Block Rotation is All You Need for MXFP4 Quantization
Yuantian Shao, Peisong Wang, Yuanteng Chen, Chang Xu, Zhihui Wei, Jian Cheng
TL;DR
This work benchmarks post-training quantization methods for MXFP4-based $W4A4$ quantization, revealing a fundamental incompatibility between global rotation and MXFP4's PoT block scaling. It analyzes why rotation fails under MXFP4—large-value reconstruction is poor within a PoT-based block, while rotation amplifies small-value blocks— and proposes Block Rotation Quantization (BRQ), a block-wise rotation strategy that preserves block scales and confines energy redistribution. BRQ, combined with GPTQ, yields substantial accuracy gains across multiple LLMs and reduces online rotation costs, outperforming existing rotation-based methods and often beating per-block FP16 baselines.
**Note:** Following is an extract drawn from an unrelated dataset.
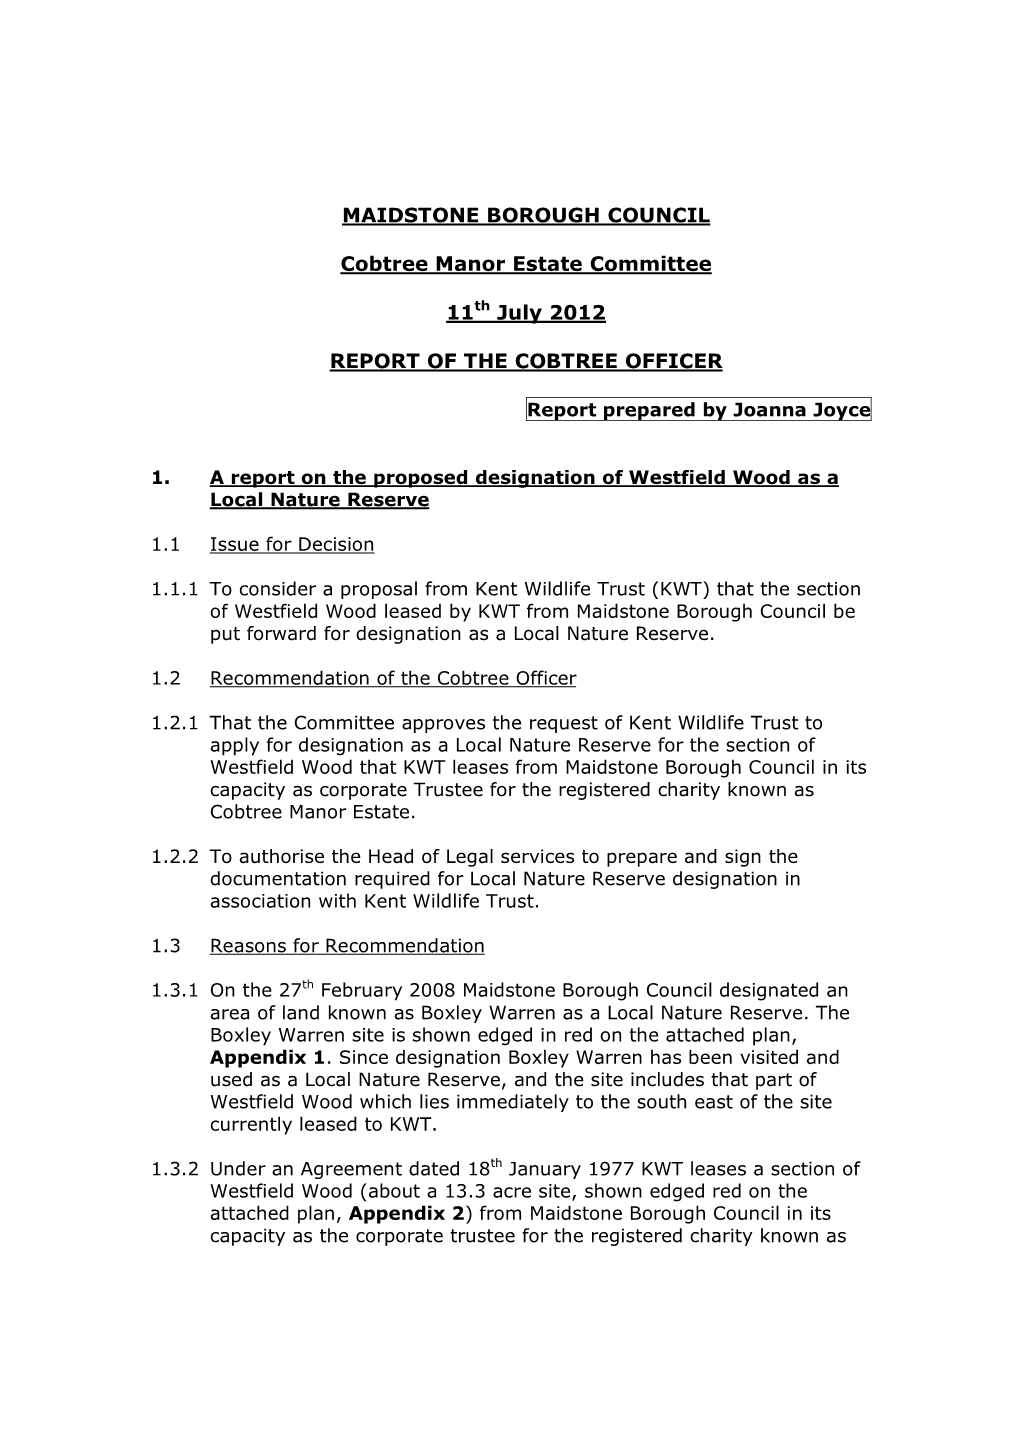 Cabinet, Council Or Committee Report for Westfield Wood Local
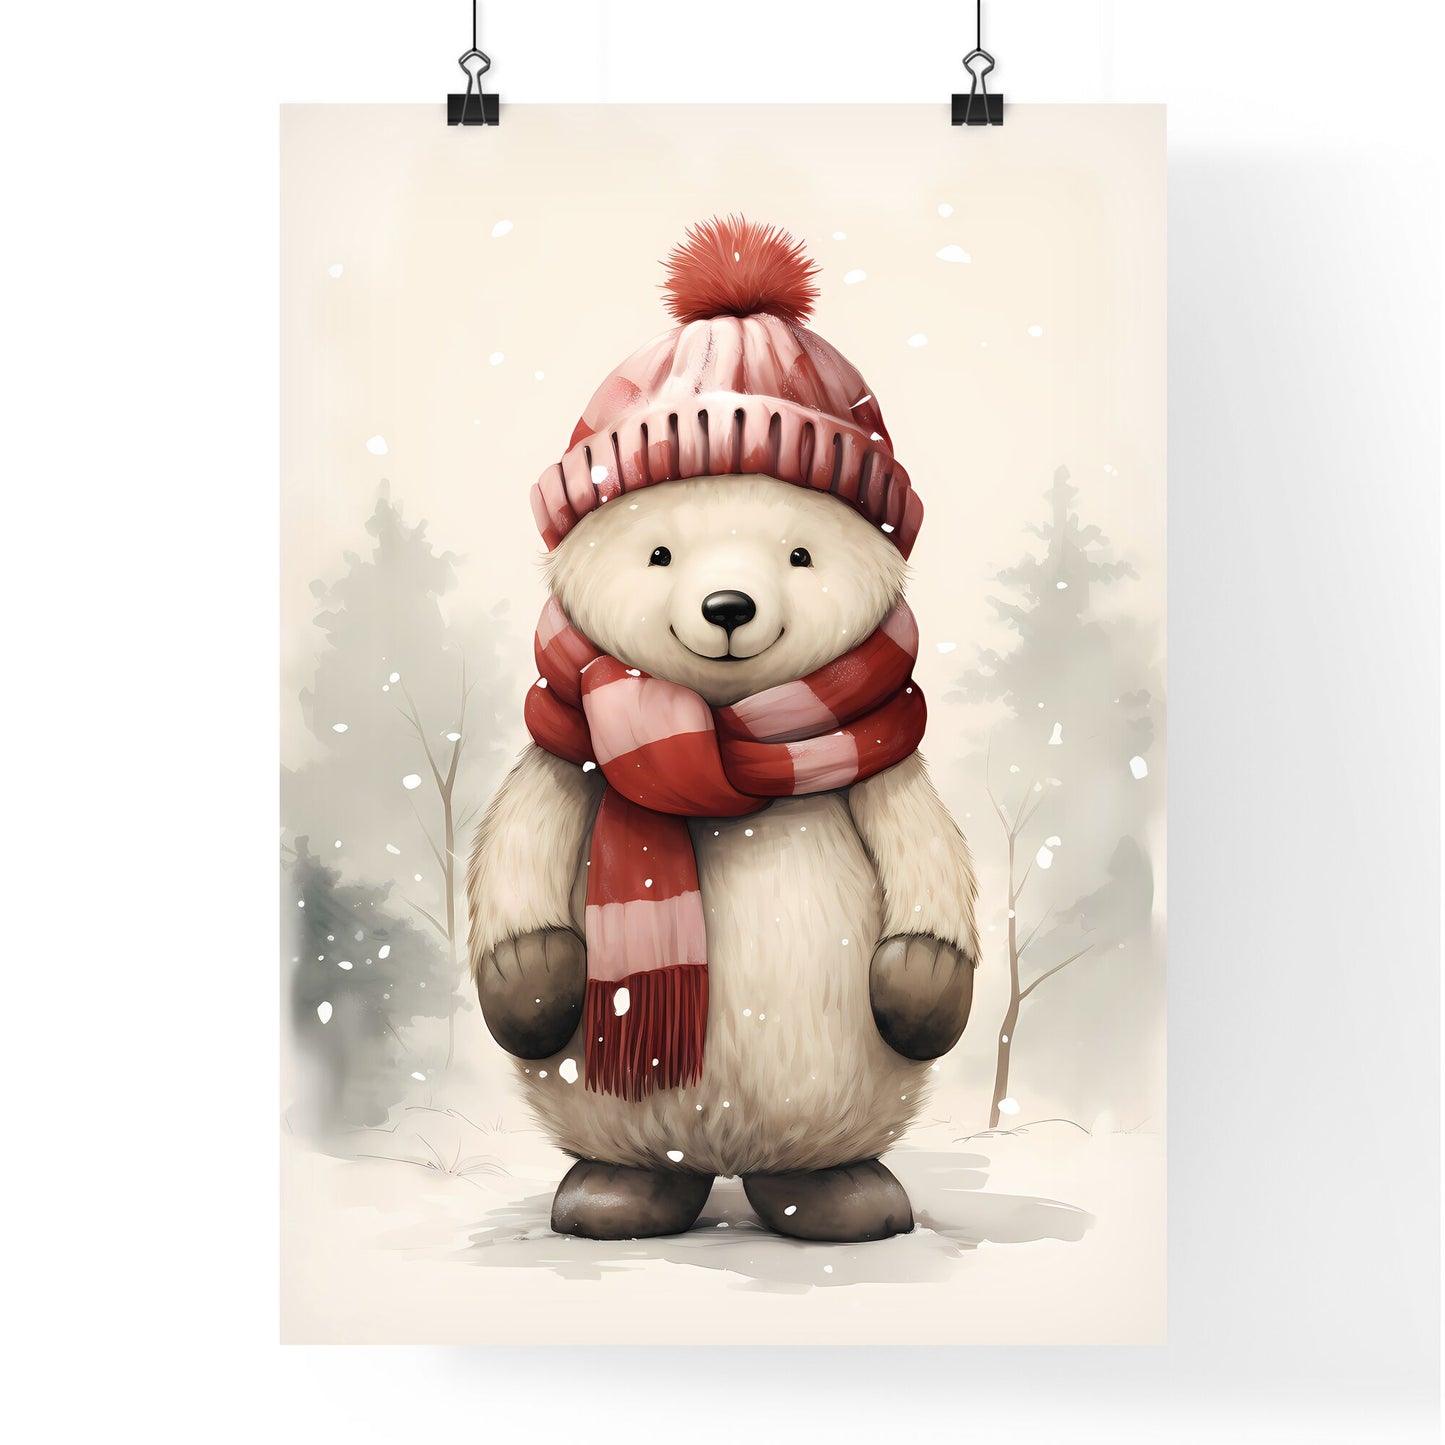 Winter Times - A Cartoon Of A Teddy Bear Wearing A Hat And Scarf Default Title

The results offer practical guidance for deploying LLMs on MXFP4 hardware and lay groundwork for future PTQ improvements under low-precision formats.
Abstract
Large language models (LLMs) have achieved remarkable success, but their rapidly growing scale imposes prohibitive costs in memory, computation, and energy. Post-training quantization (PTQ) is a promising solution for efficient deployment, yet achieving accurate W4A4 quantization remains an open challenge. While most existing methods are designed for INT4 formats, the emergence of MXFP4 -- a new FP4 format with various hardware support (NVIDIA, AMD, Intel)-- raises questions about the applicability of current techniques. In this work, we establish a comprehensive benchmark of PTQ methods under the MXFP4 format. Through systematic evaluation, we find that methods like GPTQ consistently deliver strong performance, whereas rotation-based approaches, which are almost used by all state-of-the-art approaches, suffer from severe incompatibility with MXFP4. We further provide the first in-depth analysis of this conflict, tracing its root to a fundamental mismatch between MXFP4's PoT (power-of-two) block scaling and the redistribution of outlier energy via global rotation. Building on this insight, we propose a simple yet effective block rotation strategy that adapts rotation-based methods to MXFP4, leading to substantial accuracy improvements across diverse LLMs. Our findings not only offer clear guidance for practitioners but also set a foundation for advancing PTQ research under emerging low-precision formats.